The self-driving car industry has made great autonomy advances, but mostly for well-structured and highly predictable environments. In complex militarily-relevant settings, robotic vehicles have not demonstrated operationally relevant speed and aren’t autonomously reliable. While vehicle platforms that can handle difficult terrain exist, their autonomy algorithms and software often can’t process and respond to changing situations well enough to maintain necessary speeds and keep up with soldiers on a mission.
“Unlike the commercial sector, we have to develop systems that can manoeuvre off-road, that can manoeuvre in all elements…. that can navigate obstacles, whether they be trees or gullies or rocks or whatever they may be,” US Secretary of the Army, Mark Esper said. Earlier, Michael Griffin, the undersecretary of defense for research and engineering had claimed that United States Army will have self-driving vehicles operating on the battlefield long before they’re on U.S. streets and highways, “But the core technologies will be the same.” “At a minimum, performance at par with a human driver should be achieved.”

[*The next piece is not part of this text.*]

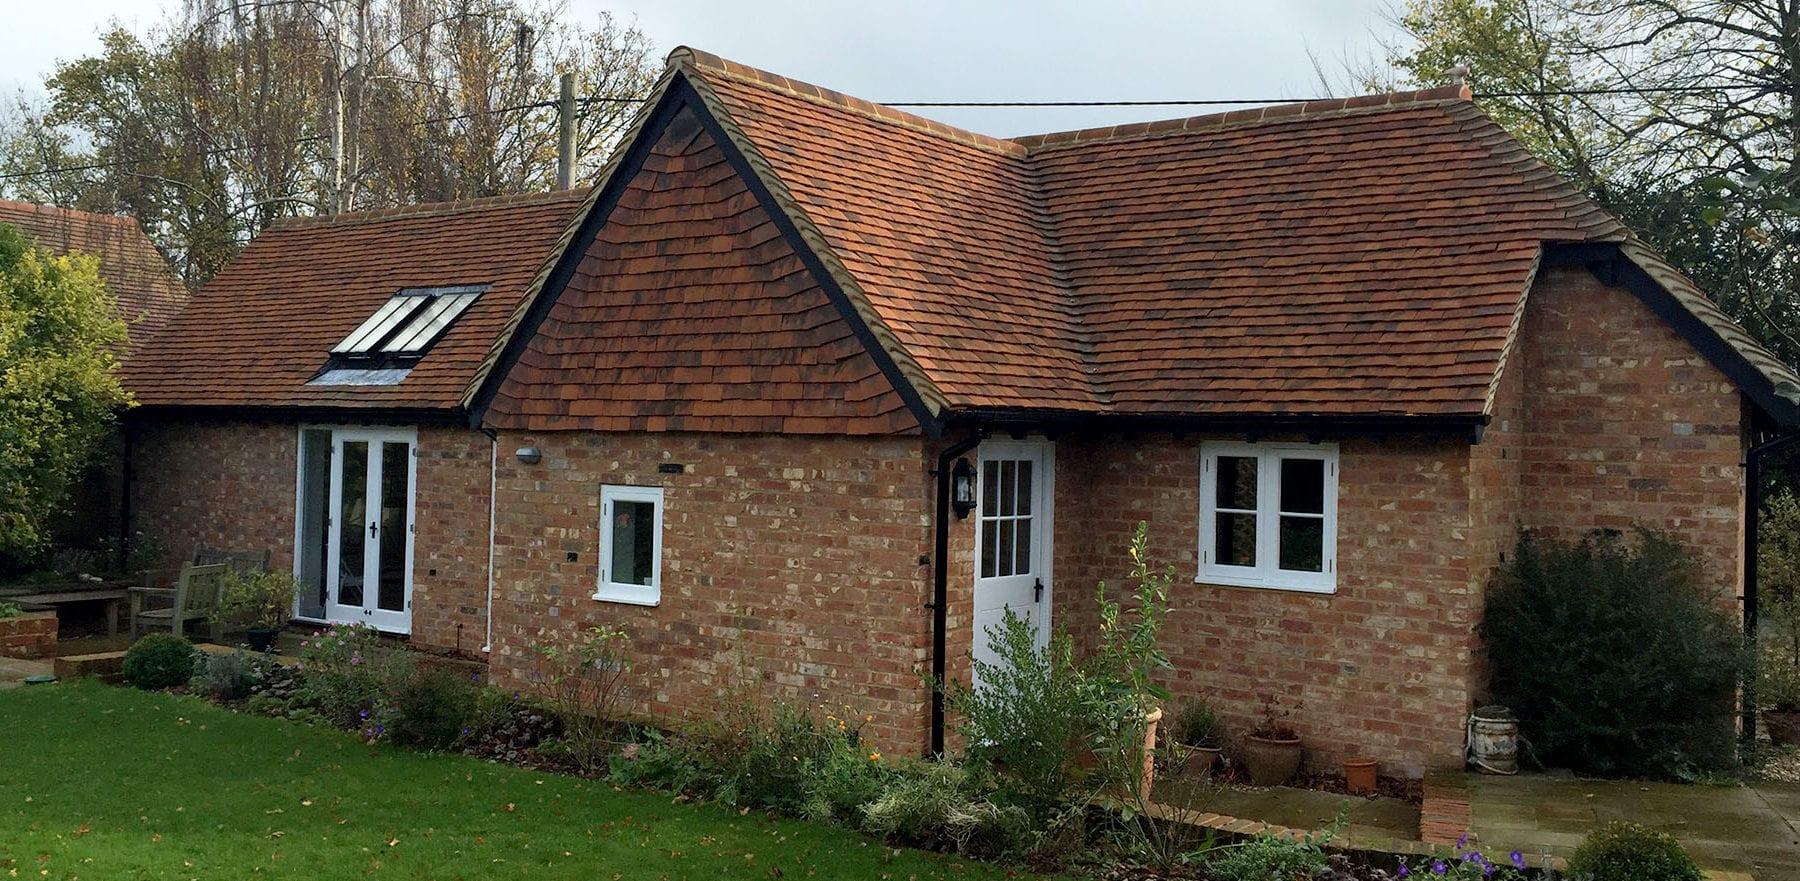 Lifestiles - Handmade Berkshire Clay Roof Tiles - Thatcham, England 3

DARPA launched Robotic Autonomy in Complex Environments with Resiliency (RACER) program in Oct 2020 with aim to make sure algorithms aren’t the limiting part of the system and that autonomous combat vehicles can meet or exceed soldier driving abilities. Over a four-year timeline, RACER will develop new algorithm technologies that maximize utilization of the sensor and mechanical limits of Unmanned Ground Vehicles (UGVs) and constantly test these algorithms in the field at DARPA-hosted experiments across the country on a variety of terrain. DARPA will provide advanced UGV platforms that research teams will use to develop autonomous software capabilities through repeated cycles of simulations and tests on unstructured off-road landscapes.
“In order to achieve RACER goals of increased speed and resilience, we need to embrace learning approaches that automatically tune system parameters in real time,” said Stuart Young, program manager leading the RACER project. “Successful software will extract features from sensor data and use that information to make on-the-spot driving decisions.”
RACER program goals include not only autonomy algorithms, but also creation of simulation environments that will support rapid advancement of self-driving capabilities for future UGVs. DARPA is slated to provide advanced UGV platforms research teams will use to develop autonomous software capabilities through repeated cycles of simulations and tests on unstructured off-road landscapes. Over a span of four years, RACER would develop new algorithm technologies maximizing utilization of the sensor and mechanical limits of UGVs while consistently testing the algorithms in the field at DARPA-hosted experiments nationwide on a variety of terrain.
The Army Reseach Lab has also been focusing on algorithms to advance UGVs. Researchers from ARL and the University of Texas at Austin are working on a suite of algorithms, libraries and software components that intelligent systems can use for navigation, planning, perception, control and reasoning when performing specific tasks. The goal is to teach ground robots to learn by doing, rather than responding to verbal commands, which will improve how autonomous systems move through rugged and unfamiliar terrain.
ARL’s Scalable, Adaptive and Resilient Autonomy program is looking to improve how autonomous ground systems travel through increasingly complex off-road environments. Software developed by participants will be integrated into testbed platforms and ARL’s autonomous systems software repository so it will be more broadly available.